How 3-D Bioprinting Works: “A Cooking Guide”

Just as a chef can make a world-class dish tailored to customer wishes, those who operate bioprinters must cater their “bio-recipes” to each individual patient. Here’s the process:

  1. What better way to start than scanning the patient’s own organs and tissues? Typically, medical imaging techniques, such as computed tomography (CT) and magnetic resonance imaging (MRI) visualize objects. In CT, an X-ray source rotates around an item, where a sensor measures the beam intensity to draw a picture. In comparison, MRIs utilize strong magnetic fields to change the energy states of atoms within tissues, which characterize that shape. These initial bio-recipes are computer-aided design (CAD) files that help physicians determine the shape of the printed organ.
  2. Just as a chef might tweak a recipe, these files might also require tweaking to make them suitable for 3-D printing.

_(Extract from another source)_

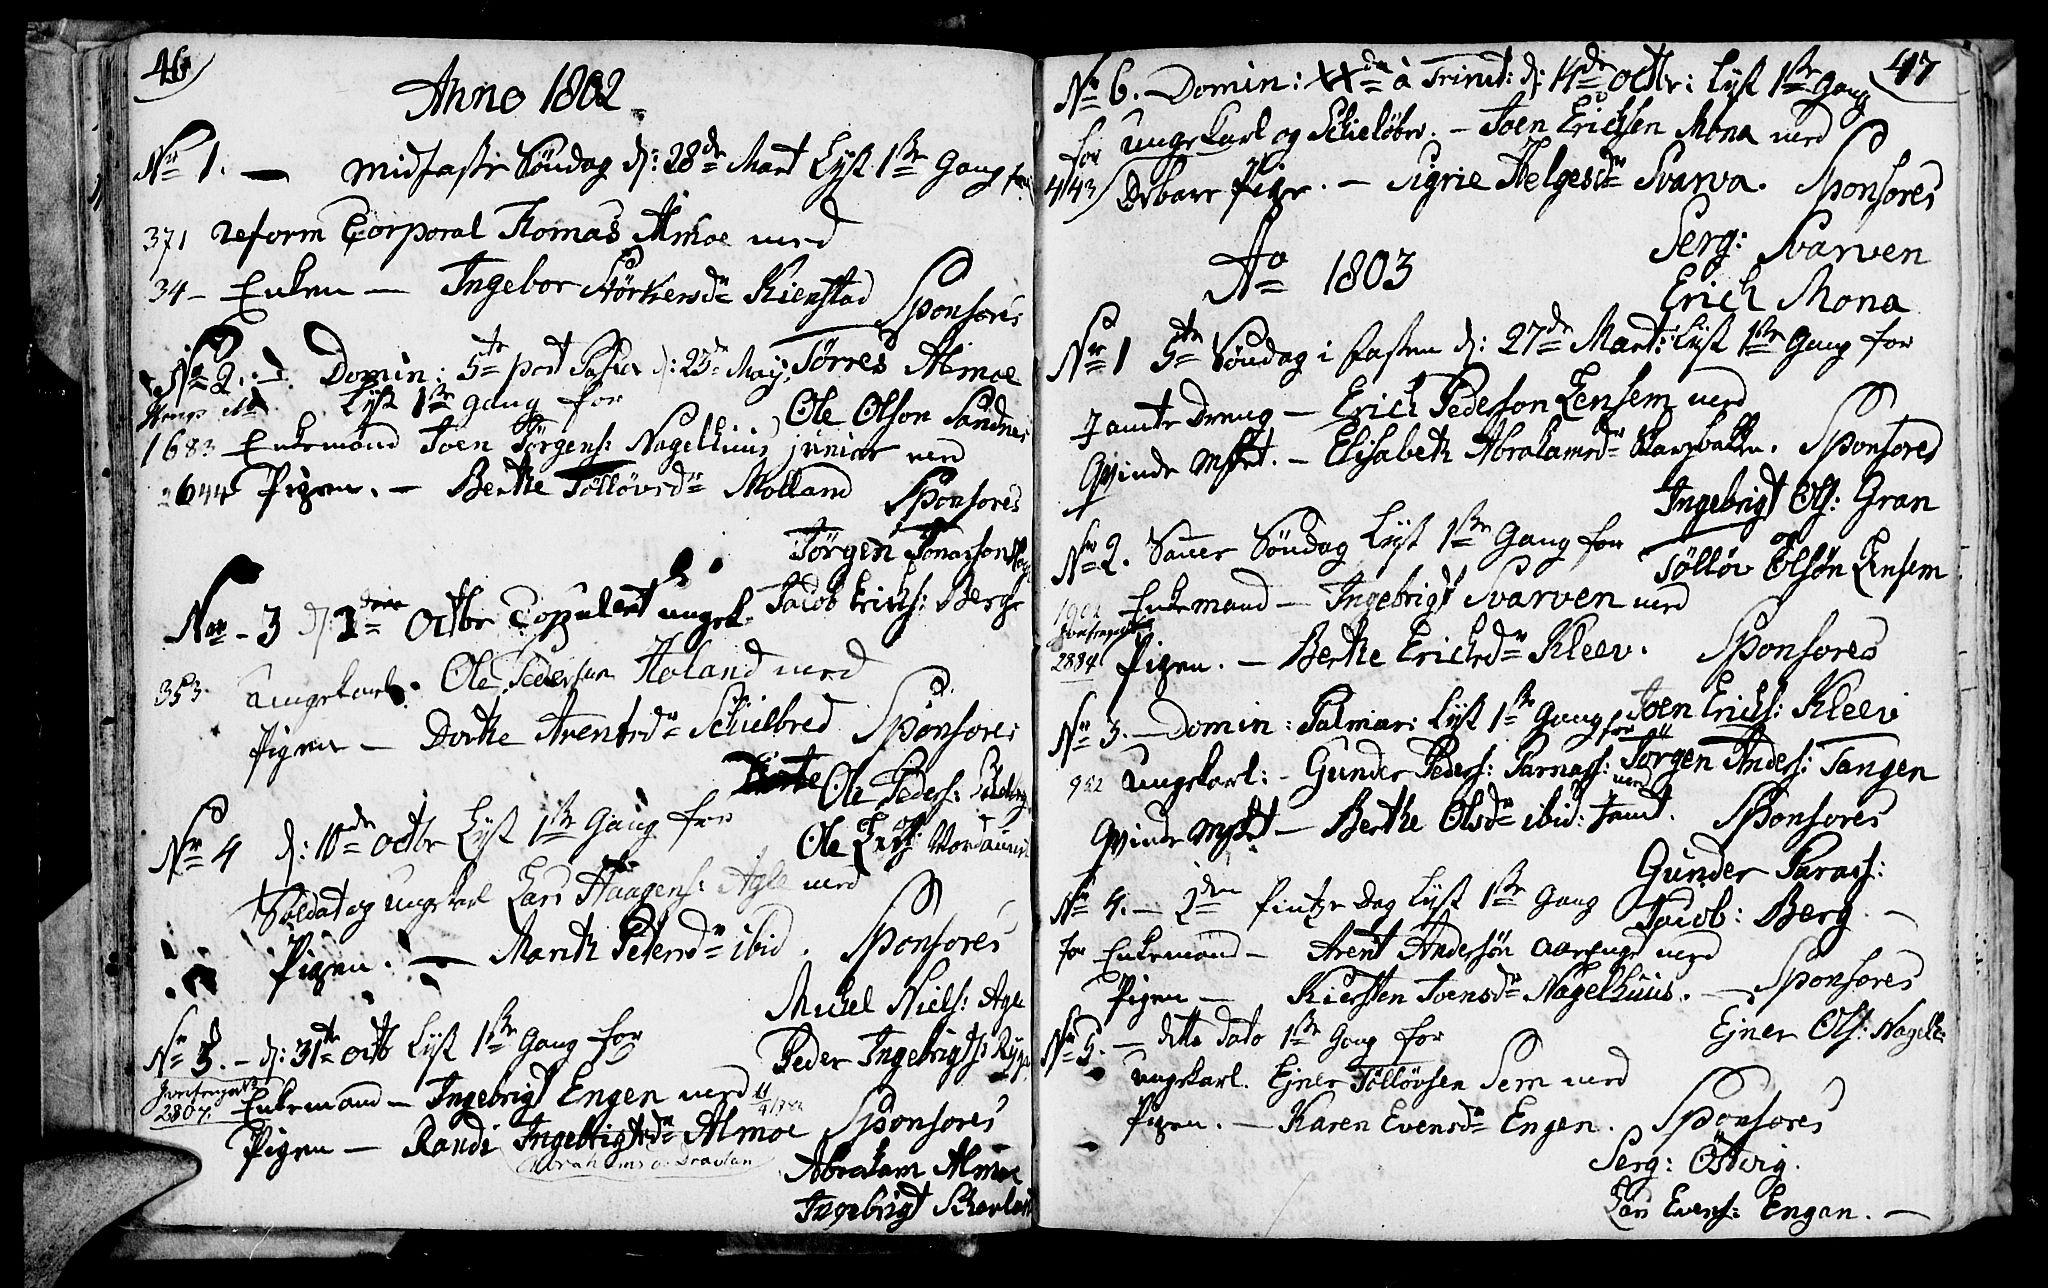 SAT, Ministerialprotokoller, klokkerbøker og fødselsregistre - Nord-Trøndelag, 749/L0468: Ministerialbok nr. 749A02, 1787-1817, s. 46-47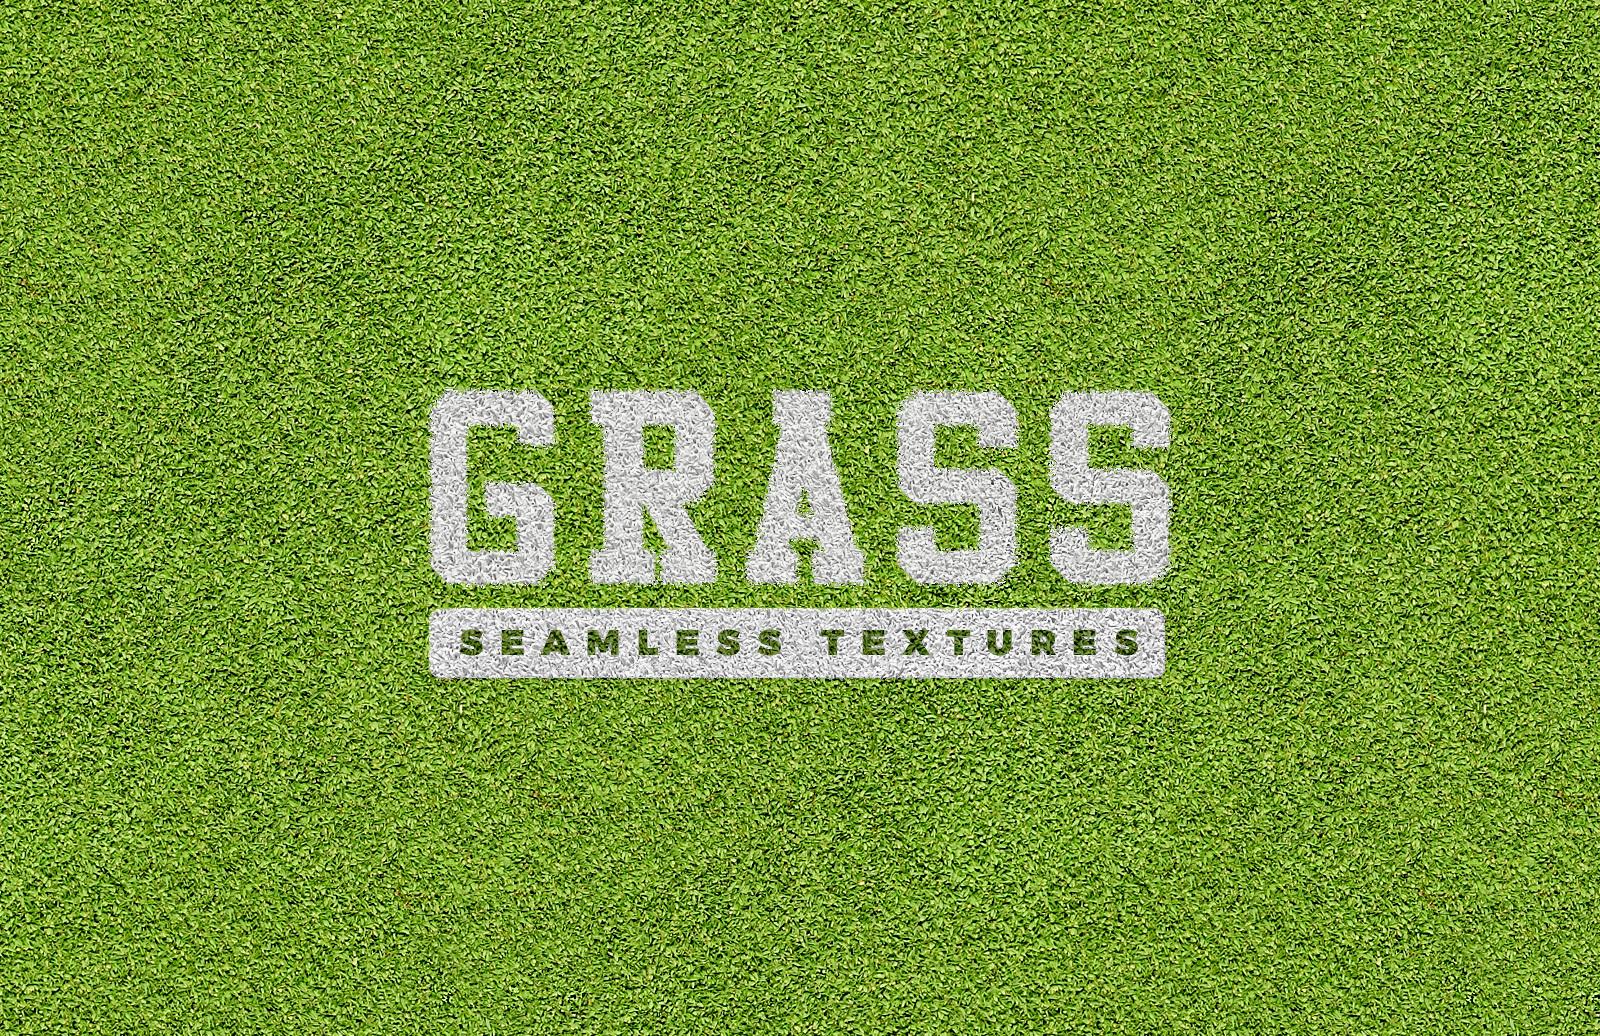 Seamless Grass Textures

After the CAD file is adjusted, it is converted into a format the bioprinter can understand, making the bio-recipe ready for production.
  3. On to the cooking! 3-D bioprinting works via a process called additive manufacturing. This methodology adds thin layers to a base until an object is created, similar to making a layer cake. The layers are composed of pluripotent stem cells derived from the patient’s own body. Since the cells are specific to the patient, this technique overcomes the problem of organ rejection.
  4. Now for the final touches. After printing, both mechanical and chemical stimulations are required to mature tissues and maintain their structural integrity, just as a world-class chef must perfect the structure and design of a dish. In bioprinting, this tricky step is not yet mastered, as it’s difficult to maintain the cells’ structure and keep them alive for long periods of time.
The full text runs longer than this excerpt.